Post by colomom » Thu Oct 13, 2022 8:02 am

Billymadison420 wrote:
Wed Oct 12, 2022 6:11 pm

Long story short. I had a Pulmonologist tell me that because of a home sleep study that had some extended REM %'s (35-40) for 3 nights and the fact that I was tired all the time that I had Narcolepsy/IH. He was sure of it. He immediately put me on Provigil/Sunosi/Adderall. I don't know what his motivations were.

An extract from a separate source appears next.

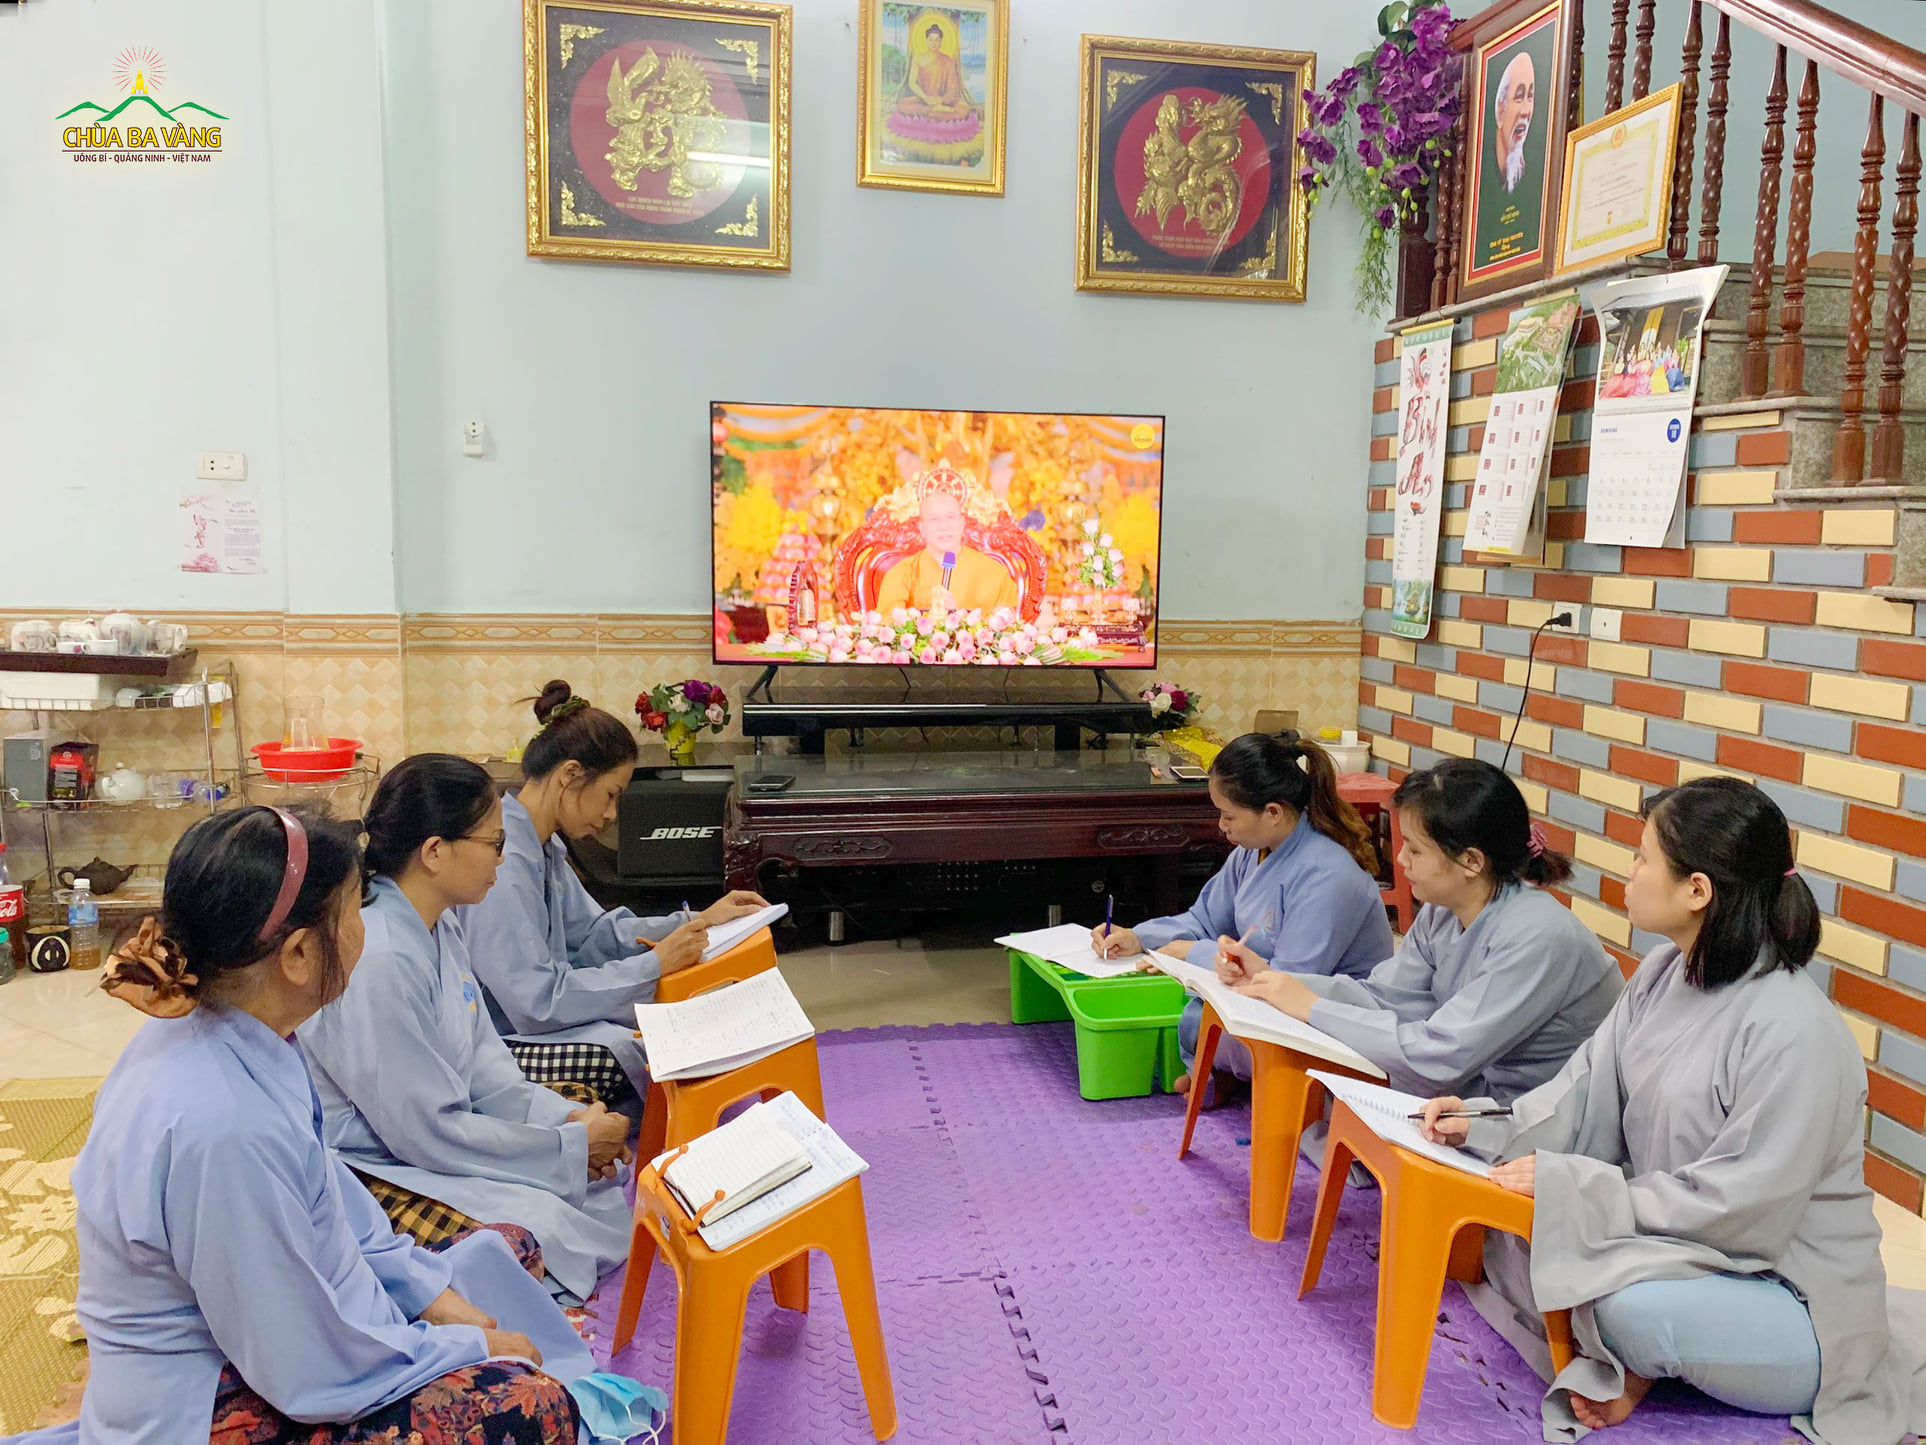 Tại những vùng an toàn về dịсн вệnн, Phật tử tập trung thành nhóm nhỏ để tham gia học Pháp trực tuyến

I then saw a Board Certified Sleep Specialist at a major University. She said the following

1. You don't have Narcolepsy
2. The MSLT shows I am objectively not sleepy
3. Home sleep study's are a SUPPOSITION and cannot accurately detect REM without an EOG
4. Even if those REM %'s were true, and even if they were on a PSG that is NOT a Narcolepsy criteria
5. I had no SOREM's during my naps, and my sleep latency was 16minutes. (i was extremely tired and sleepy during the MSLT so i feel it was accurate)
6. What the pulmonologist did was completely out of line. He never should have put that thought in my head.
A home sleep study seems inadequate to diagnose narcolepsy, a PSG followed by an MSLT is the gold standard. The reason they require the PSG before the MSLT is that they need to see that sleep the night before the MSLT is adequate. Narcolepsy shouldn’t be diagnosed if you have untreated or inadequately treated OSA or other sleep disorders.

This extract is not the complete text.